# PostgreSQL Operations

## Performance Tuning

Key `postgresql.conf` parameters (adjust for available RAM):
- `shared_buffers` = 25% of RAM
- `effective_cache_size` = 75% of RAM
- `work_mem` = RAM / max_connections / 4 (start 4-16MB)
- `maintenance_work_mem` = 256MB-1GB
- `random_page_cost` = 1.1 for SSD (default 4.0 is for HDD)

## Maintenance & Monitoring

- `pg_stat_statements` extension -- find slow queries by total time, not just duration
- `pg_stat_user_tables` -- check `n_dead_tup` for vacuum needs, `last_autovacuum` timestamps
- Cache hit ratio (should be > 99%): `SELECT sum(heap_blks_hit) / sum(heap_blks_hit + heap_blks_read) FROM pg_statio_user_tables`

**Autovacuum tuning for hot tables:**
```sql
ALTER TABLE orders SET (
  autovacuum_vacuum_scale_factor = 0.05,   -- default 0.2
  autovacuum_analyze_scale_factor = 0.02
);
```

**XID wraparound prevention** -- monitor transaction ID age (emergency shutdown at 2B):
```sql
SELECT datname, age(datfrozenxid),
  round(100.0 * age(datfrozenxid) / 2147483648, 2) AS pct_to_wraparound
FROM pg_database ORDER BY age DESC;
```

Set `idle_in_transaction_session_timeout = '30s'` and `statement_timeout = '30s'` to prevent long-running transactions from blocking vacuum.

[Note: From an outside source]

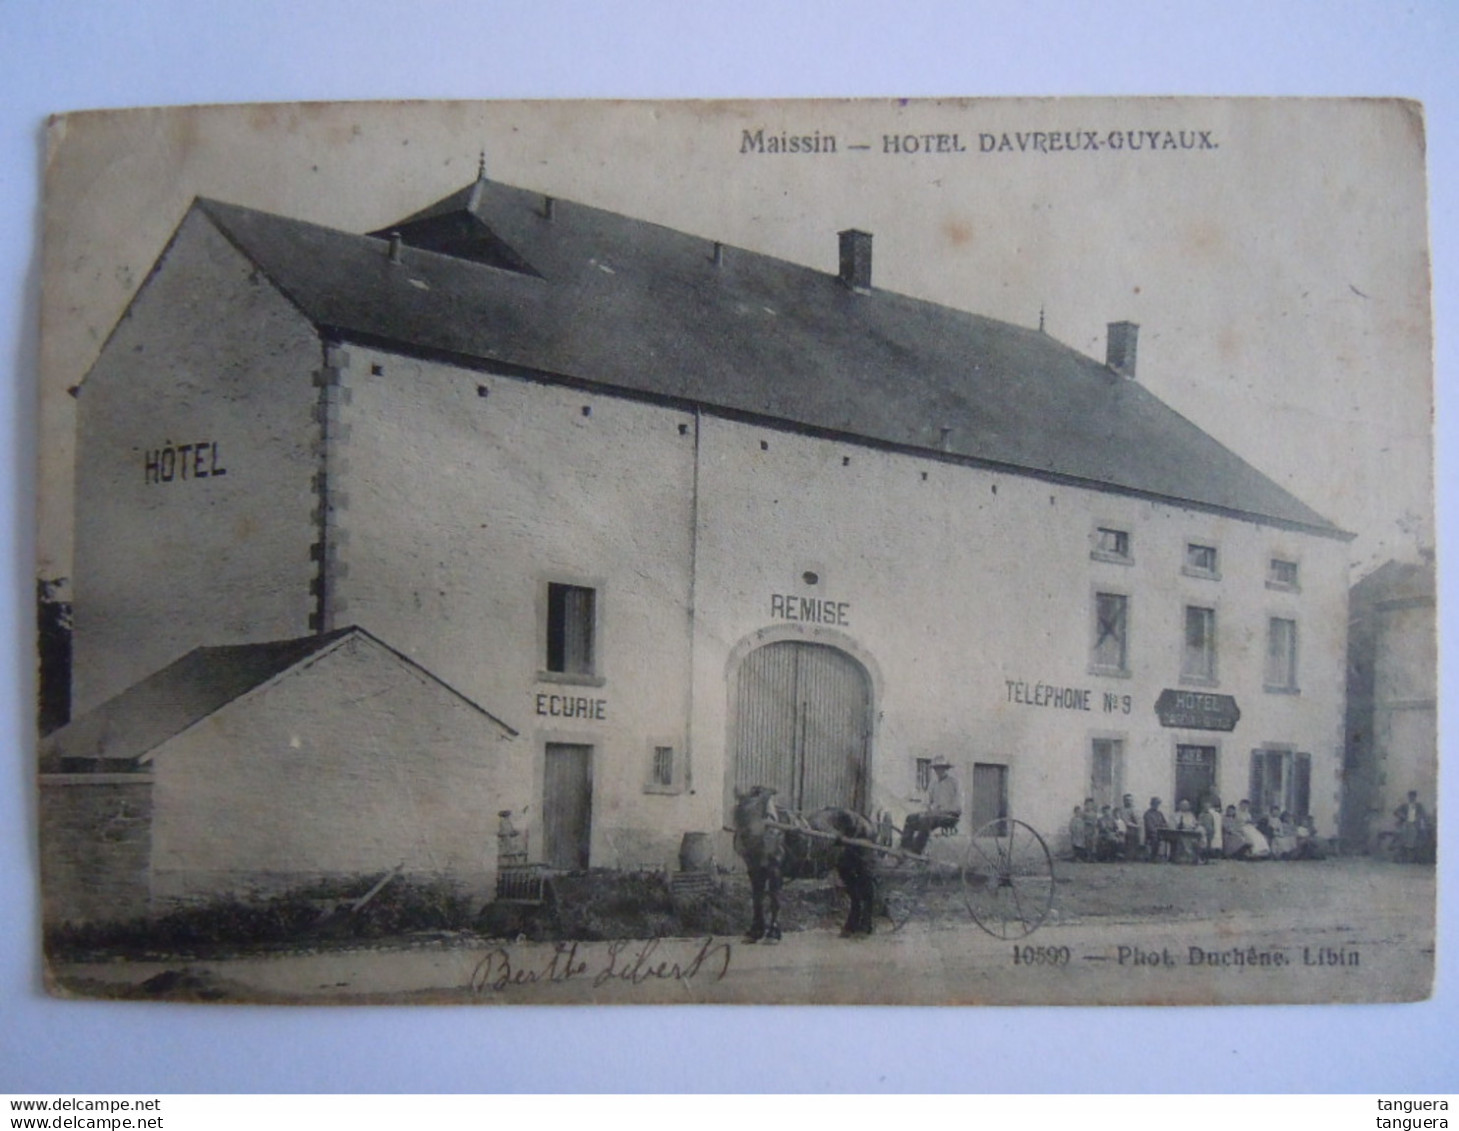 Maissin Hotel Davreux-Guyaux Ecurie Remise Tel.N°9 Animée Attelage Photo Duchêne 10599 Circulée 1906 - Paliseul
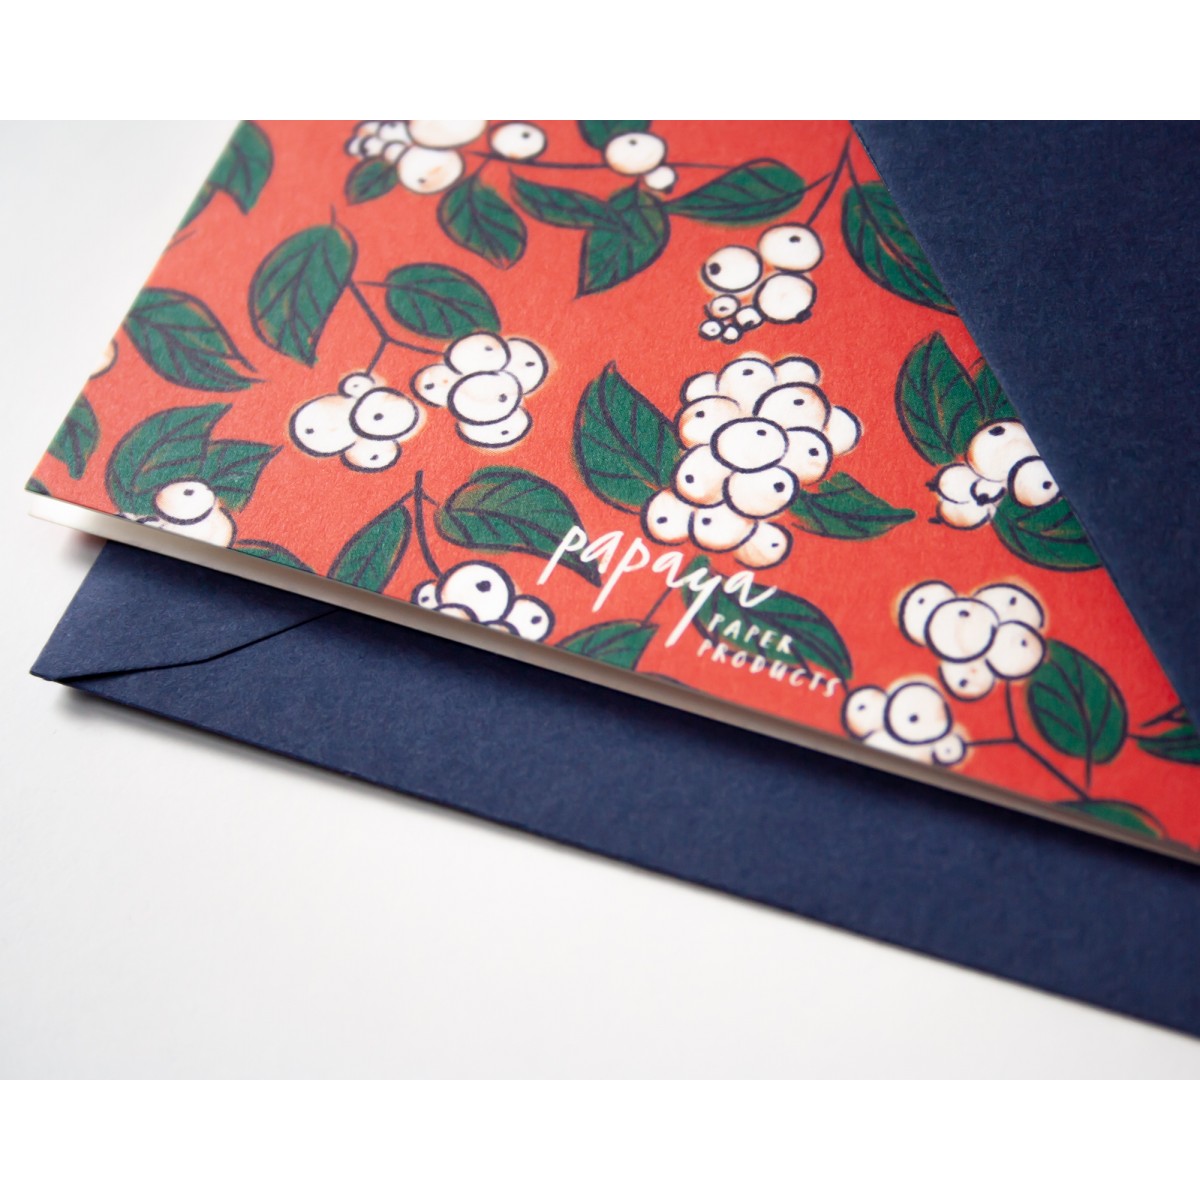 Weihnachtskarte »Fröhliche Weihnachten« mit Schneebeeren-Muster // Papaya paper products

## WAL (Write-Ahead Logging)

Changes write to `pg_wal/` before data files. Checkpoints flush dirty pages to disk. If "checkpoints occurring too frequently" appears in logs, increase `max_wal_size`. Never disable `fsync`.

Key config:
- `checkpoint_timeout` = 5min (default, usually fine)
- `checkpoint_completion_target` = 0.9 (spread I/O)
- `max_wal_size` -- increase if checkpoint warnings appear

Monitor WAL disk usage:
```sql
SELECT count(*) AS files, pg_size_pretty(sum(size)) AS total
FROM pg_ls_waldir();
```

## Replication

Streaming replication sends WAL to hot standbys (read-only). Replication slots guarantee WAL retention but can exhaust disk if standby goes offline -- use `max_slot_wal_keep_size` to cap.

Monitor lag:
```sql
SELECT application_name,
  pg_wal_lsn_diff(pg_current_wal_lsn(), replay_lsn)/1024/1024 AS lag_mb
FROM pg_stat_replication;
```

Monitor slot lag (prevent disk exhaustion):
```sql
SELECT slot_name,
  pg_wal_lsn_diff(pg_current_wal_lsn(), restart_lsn)/1024/1024 AS mb_behind
FROM pg_replication_slots;
```

Synchronous commit levels: `off` (lose ~600ms on crash) to `remote_apply` (read-your-writes guarantee). Provision N+1 standbys for N required confirmations.

Failover: `SELECT pg_promote()` (PG12+). Use `pg_rewind` to resync old primary as new standby without full rebuild (requires `wal_log_hints=on` or data checksums).

## Backup & Recovery

| Method | Tool | Speed | Portability | Use When |
|--------|------|-------|-------------|----------|
| Logical | `pg_dump` | Slow | Cross-version | Small DBs, selective restore |
| Physical | `pg_basebackup` | Fast | Same major version | Large DBs, full cluster |
| PITR | Base backup + WAL archive | Fast | Same major version | Production (minutes RPO) |

Without PITR, RPO = backup interval (often 24h). With continuous WAL archiving, RPO drops to minutes.

Enable WAL archiving:
```
archive_mode = on
archive_command = 'test ! -f /archive/%f && cp %p /archive/%f'
```

Verify archiving health:
```sql
SELECT last_archived_wal, last_archived_time, failed_count
FROM pg_stat_archiver;
```

For production, use pgBackRest, Barman, or WAL-G over raw `pg_basebackup`. Test recovery regularly -- backups are useless until you've successfully restored from one.